The job is to output exactly the lines that run from the start of the entries through the line containing "on Fisheries Workers", pictures omitted.

-=-=-=-=-

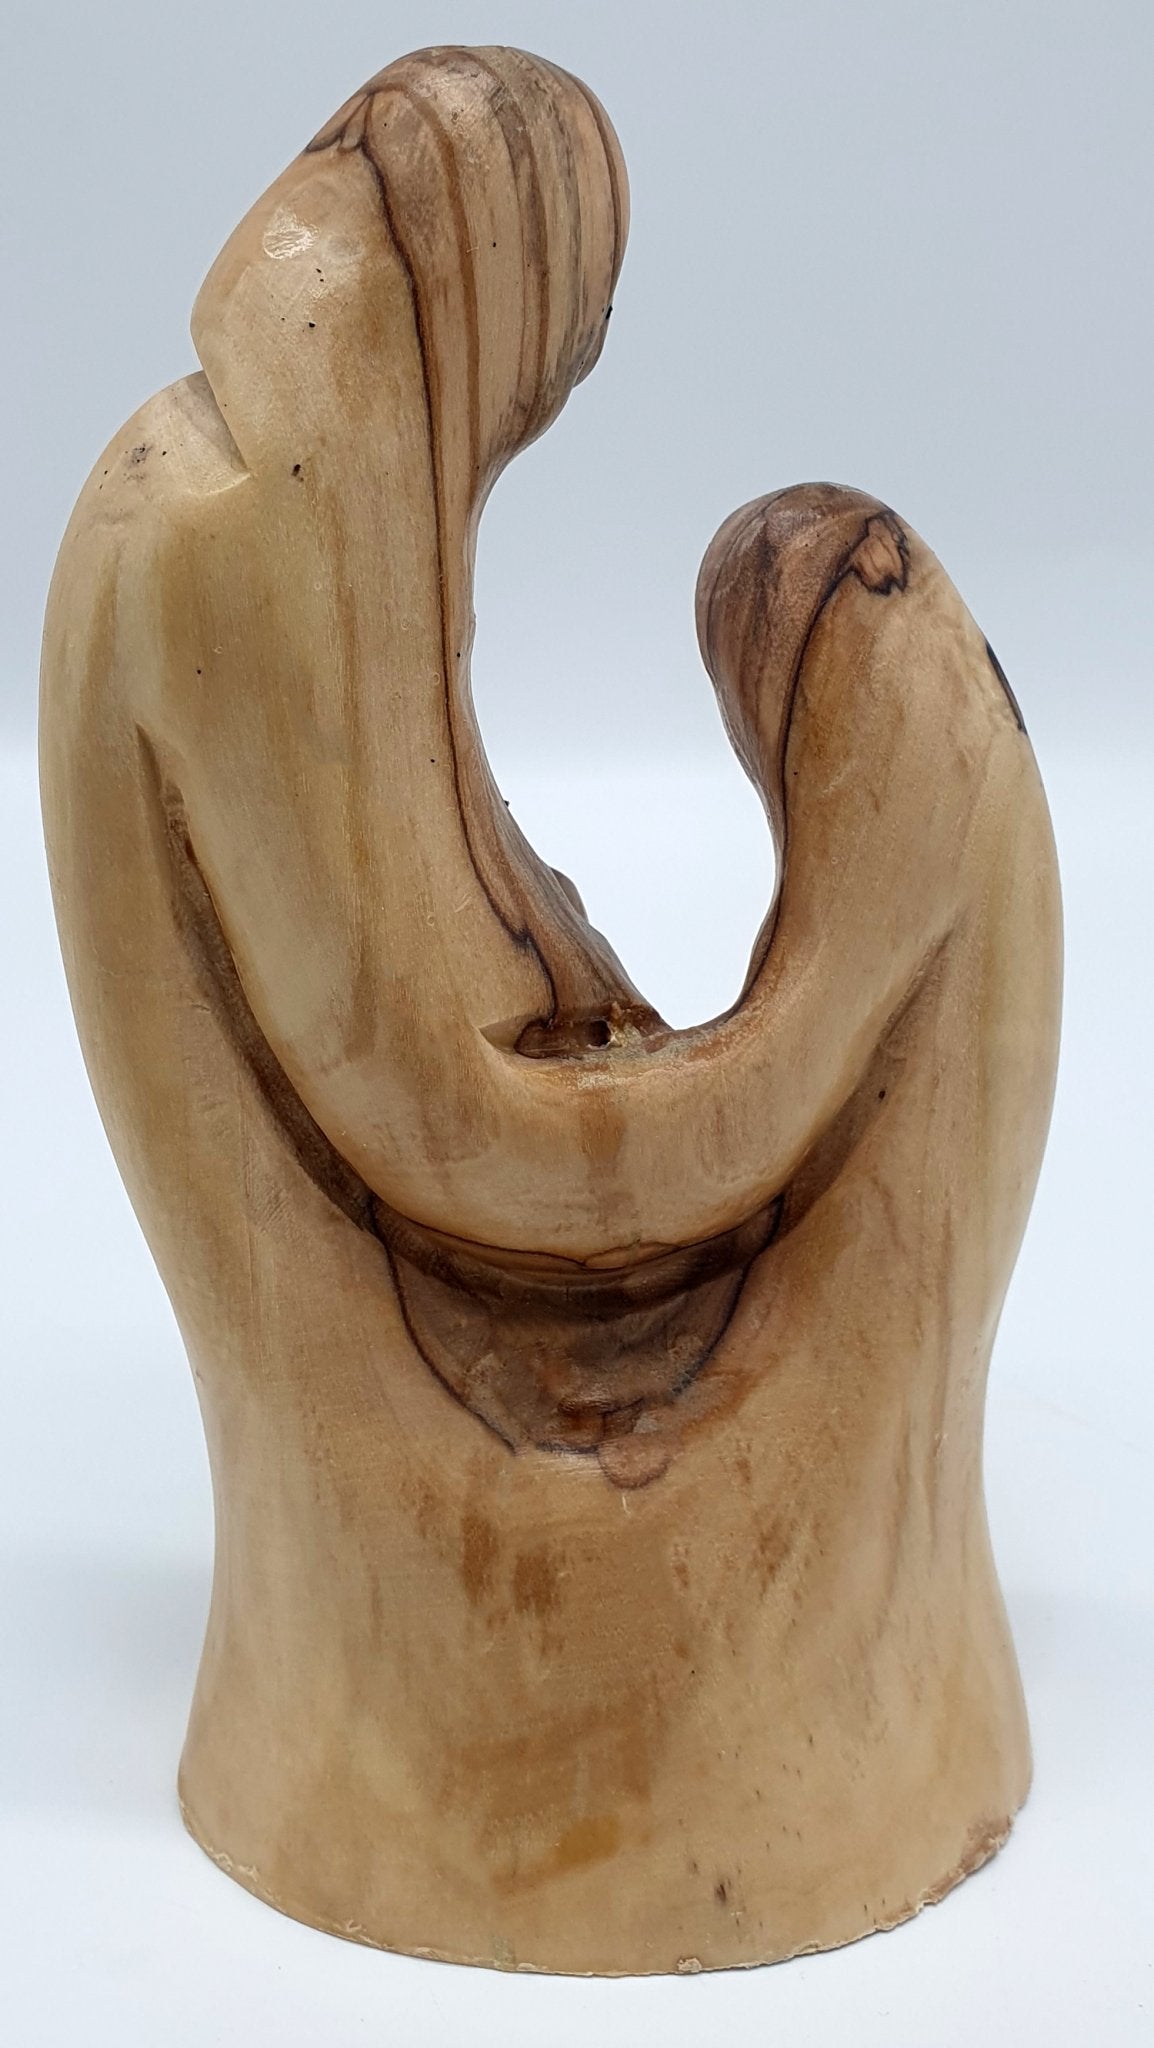 Sacred Elegance: Zuluf Hand-Carved Olive Wood Holy Family Statue from Bethlehem - Zuluf
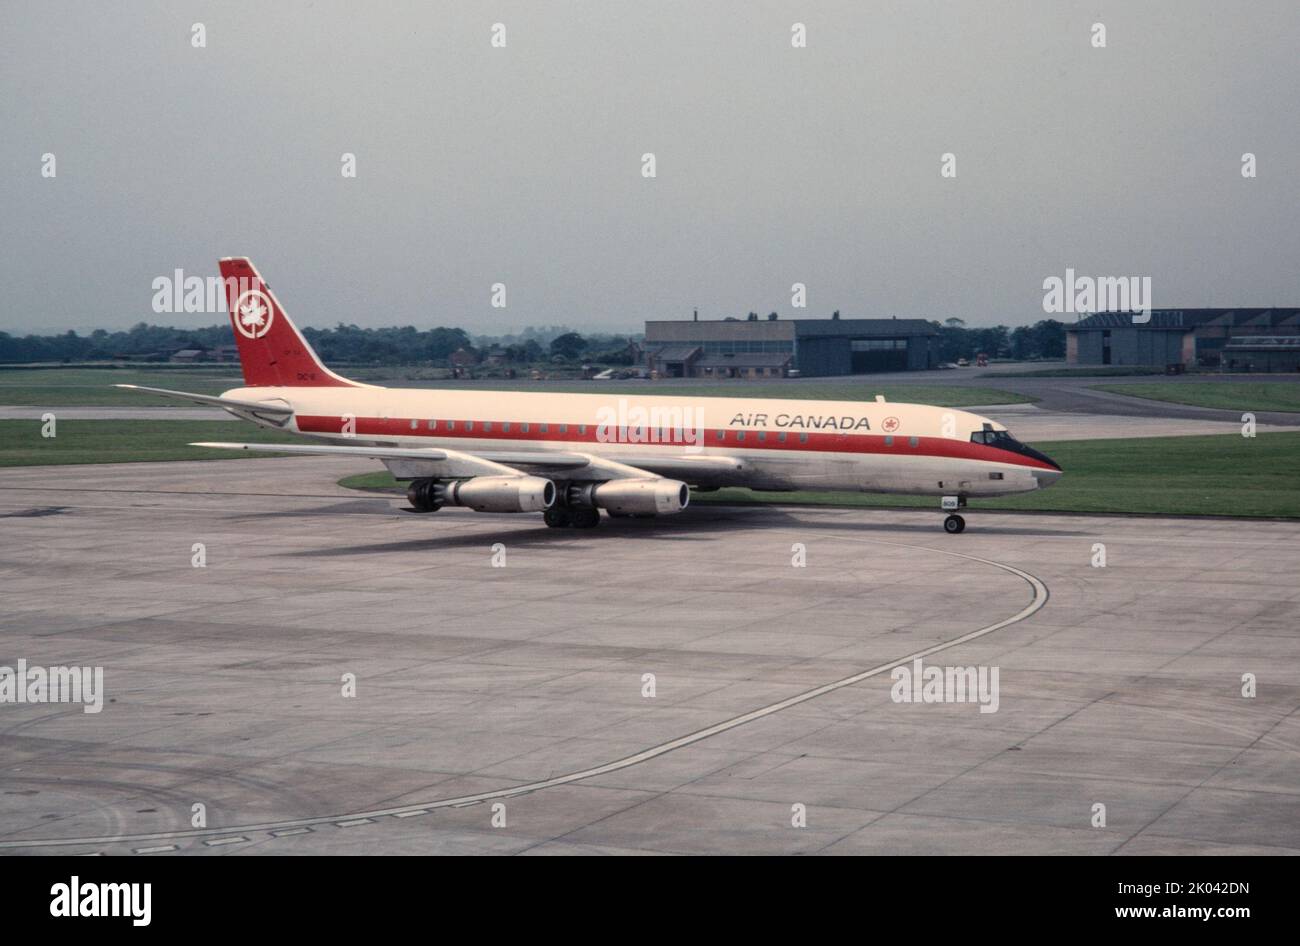 A Douglas DC-8 of Air Canada, serial number CF-TJI, at Manchester Airport in England on 1st July 1965. Stock Photo
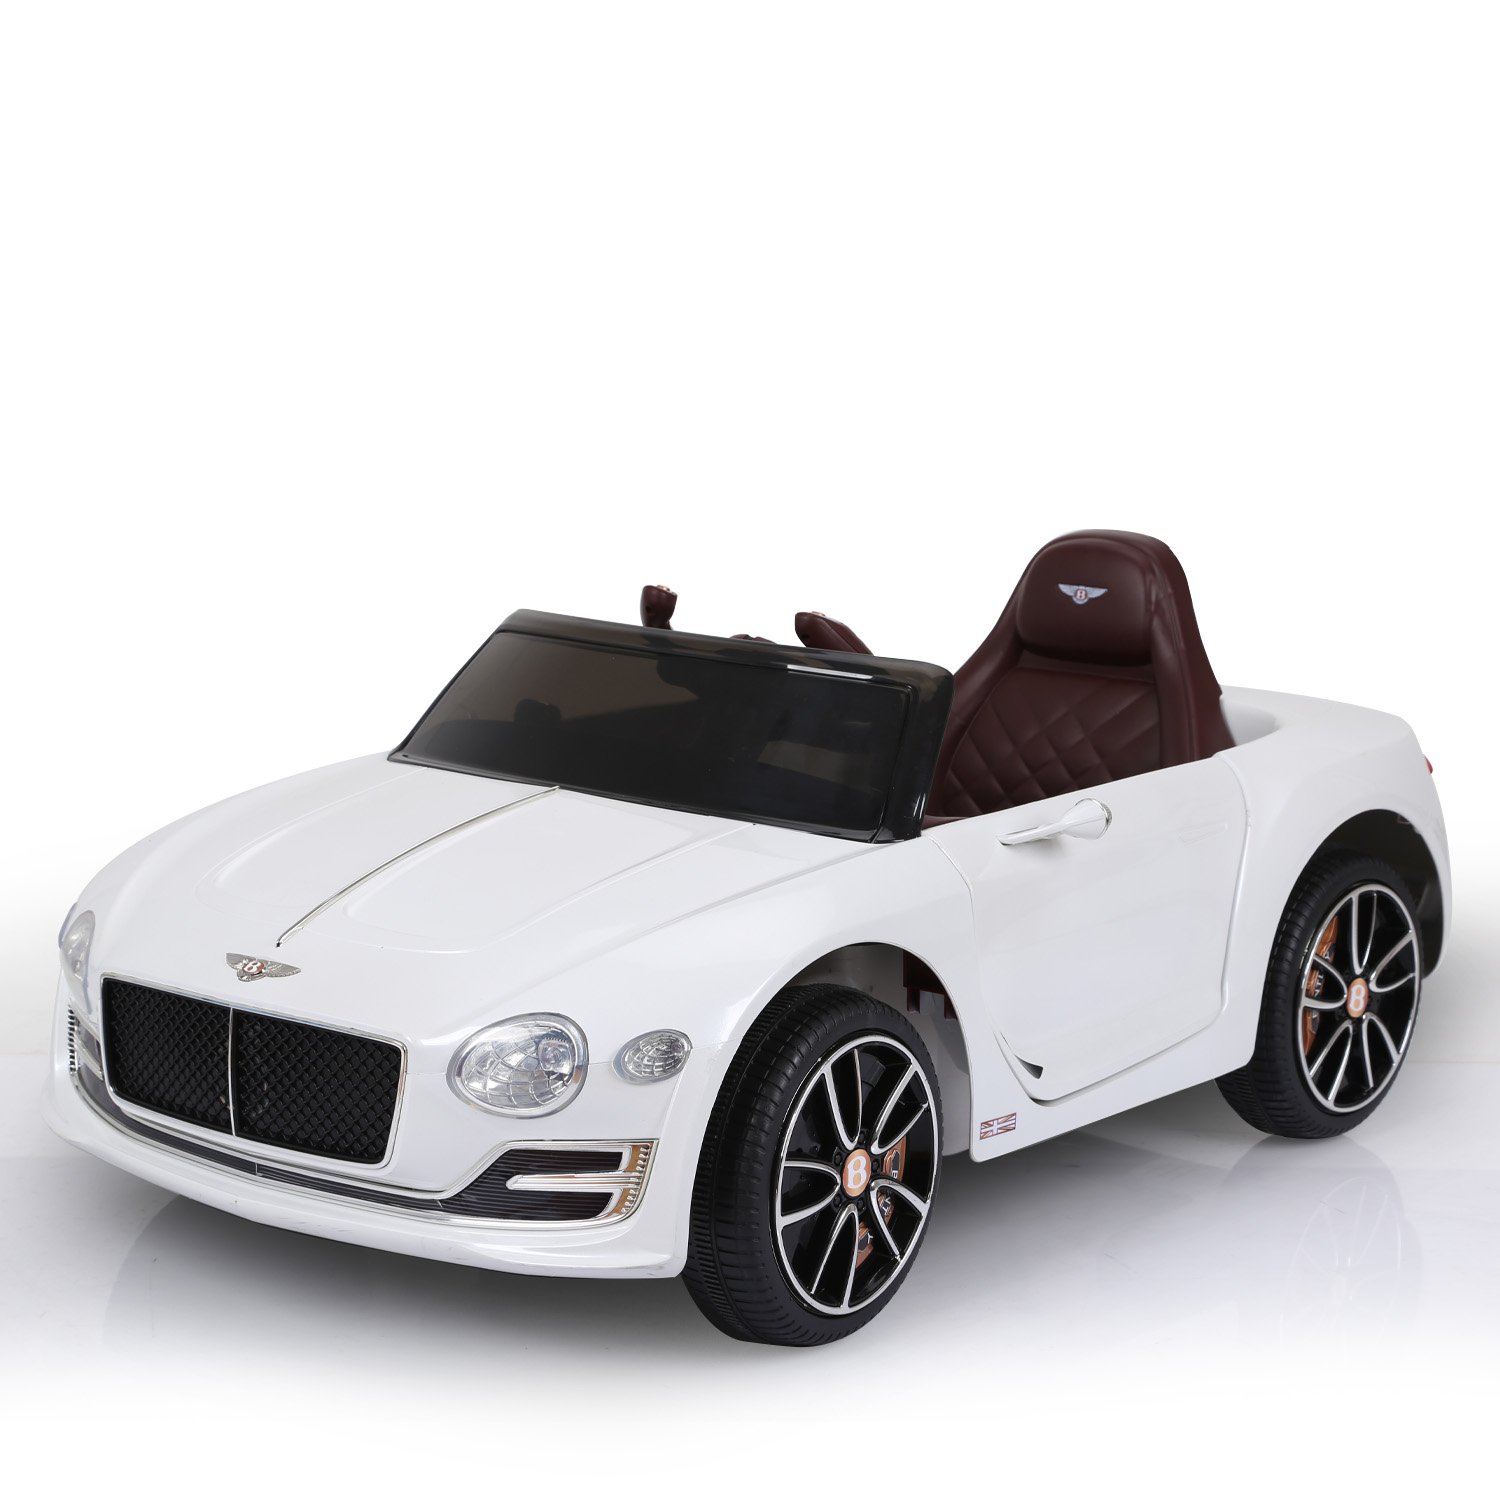 Bentley Exp 12 Speed 6E Licensed Kids Ride On Electric Car Remote Control - White 1
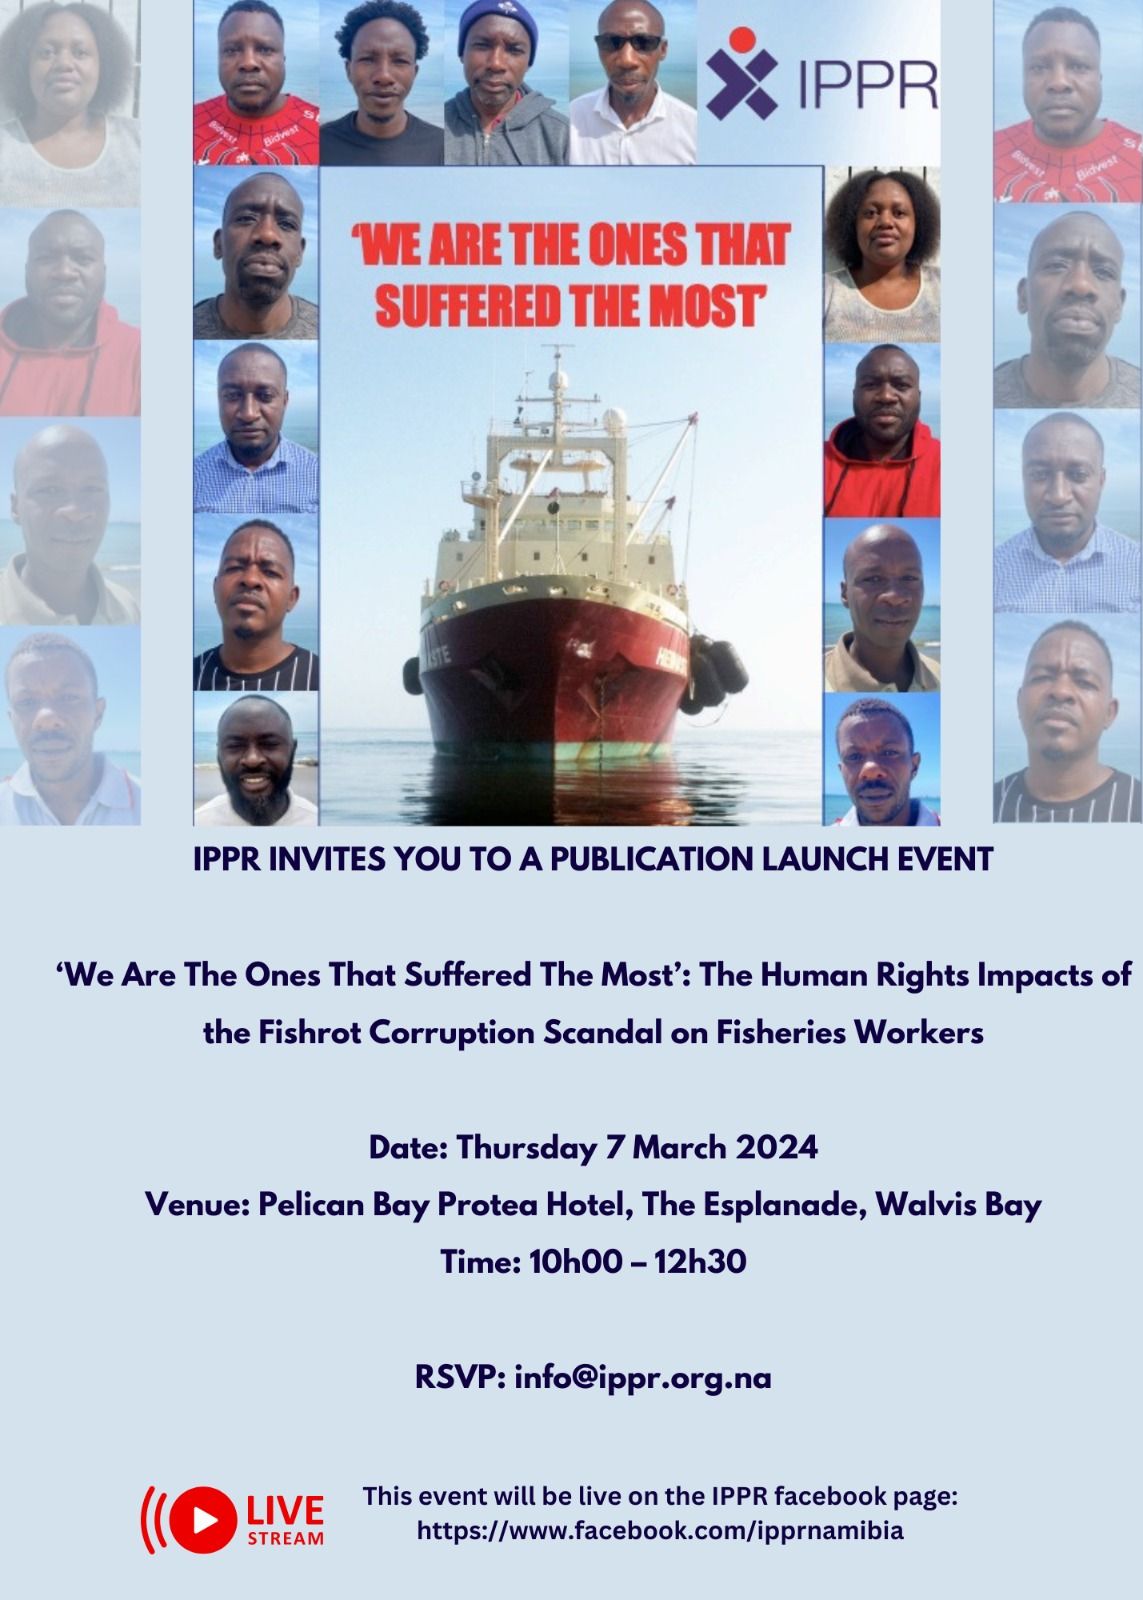 'We Are The Ones Who Suffered The Most': The Human Rights Impacts of The Fishrot Corruption Scandal on Fisheries Workers
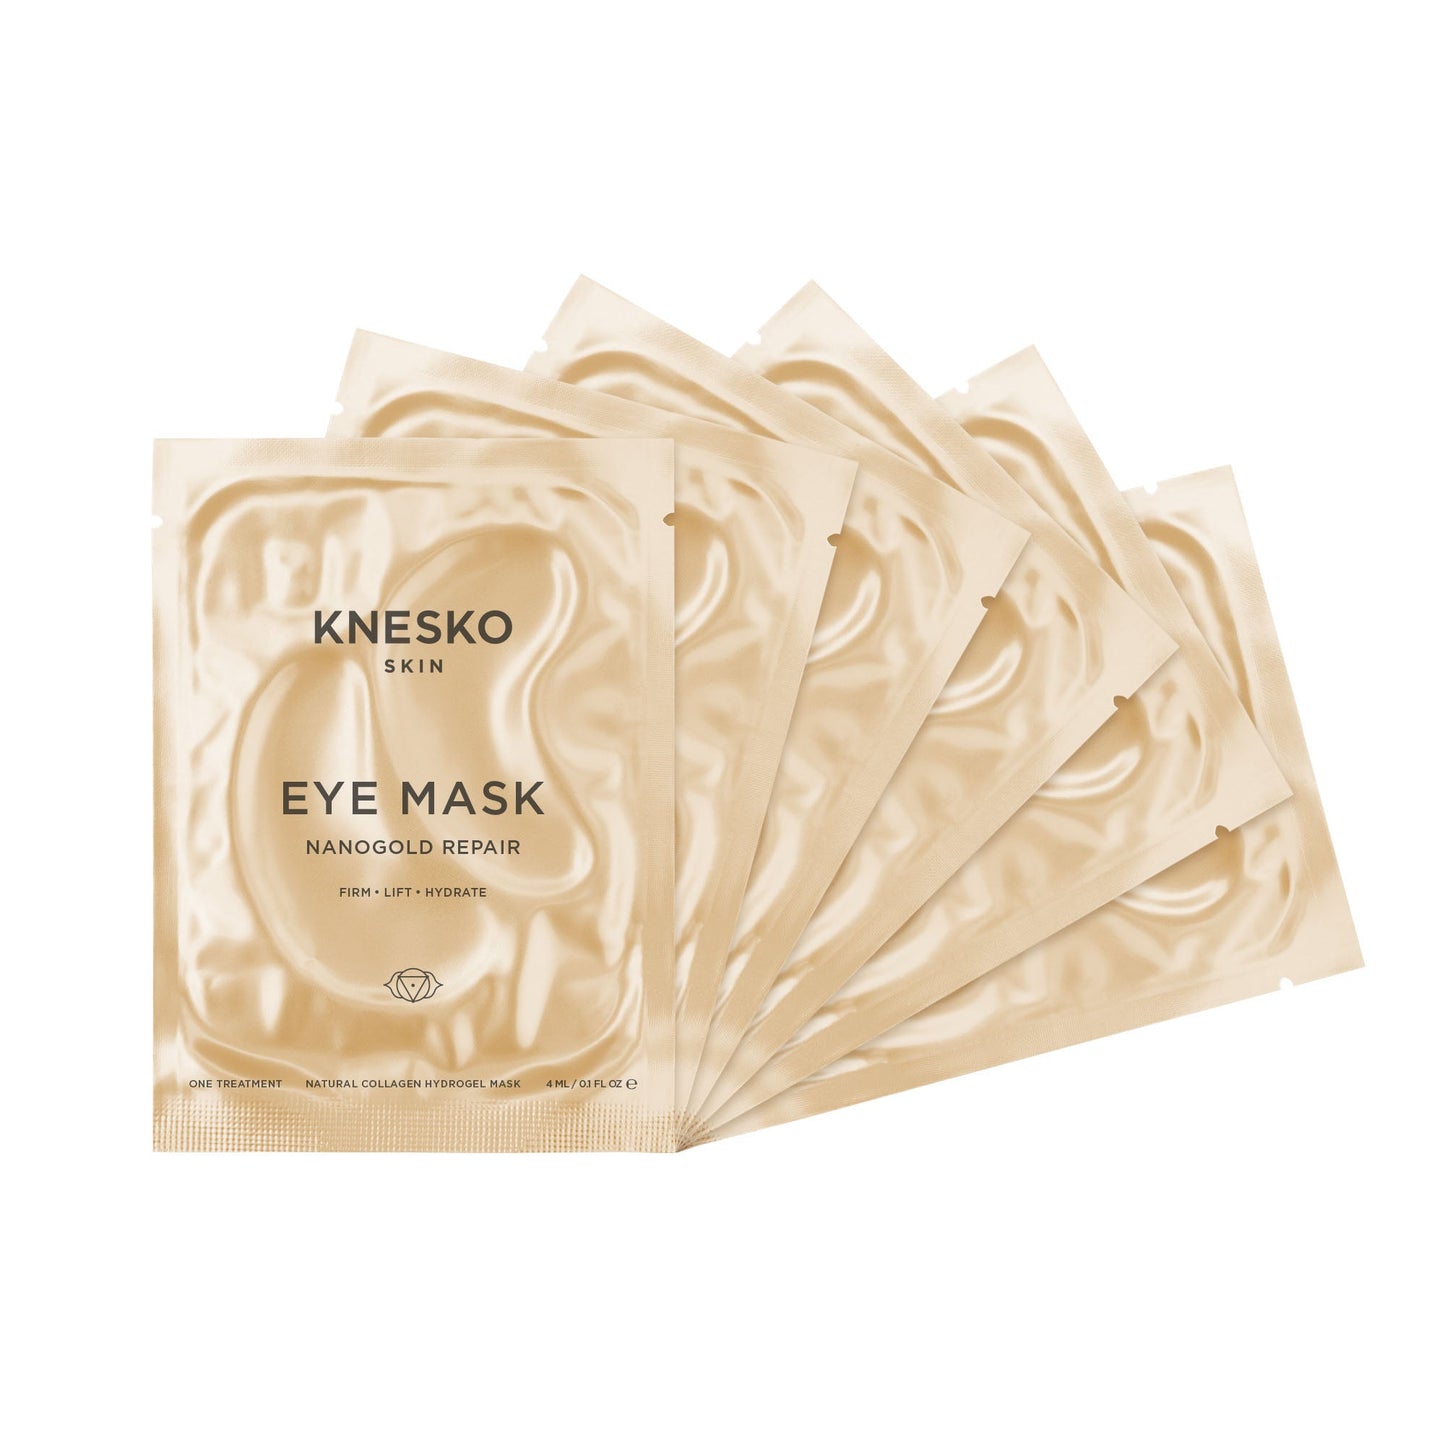 Buy Online Best Nanogold Eye Mask - 6 Treatments | Buy innovative clinical skincare products - TOPBODY

-=-=-=-=-

## TASK OUTPUT
 Sacred Elegance: Zuluf Hand-Carved Olive Wood Holy Family Statue from Bethlehem - Zuluf
 A Douglas DC-8 of Air Canada, serial number CF-TJI, at Manchester Airport in England on 1st July 1965. Stock Photo
 Bentley Exp 12 Speed 6E Licensed Kids Ride On Electric Car Remote Control - White 1
 'We Are The Ones Who Suffered The Most': The Human Rights Impacts of The Fishrot Corruption Scandal on Fisheries Workers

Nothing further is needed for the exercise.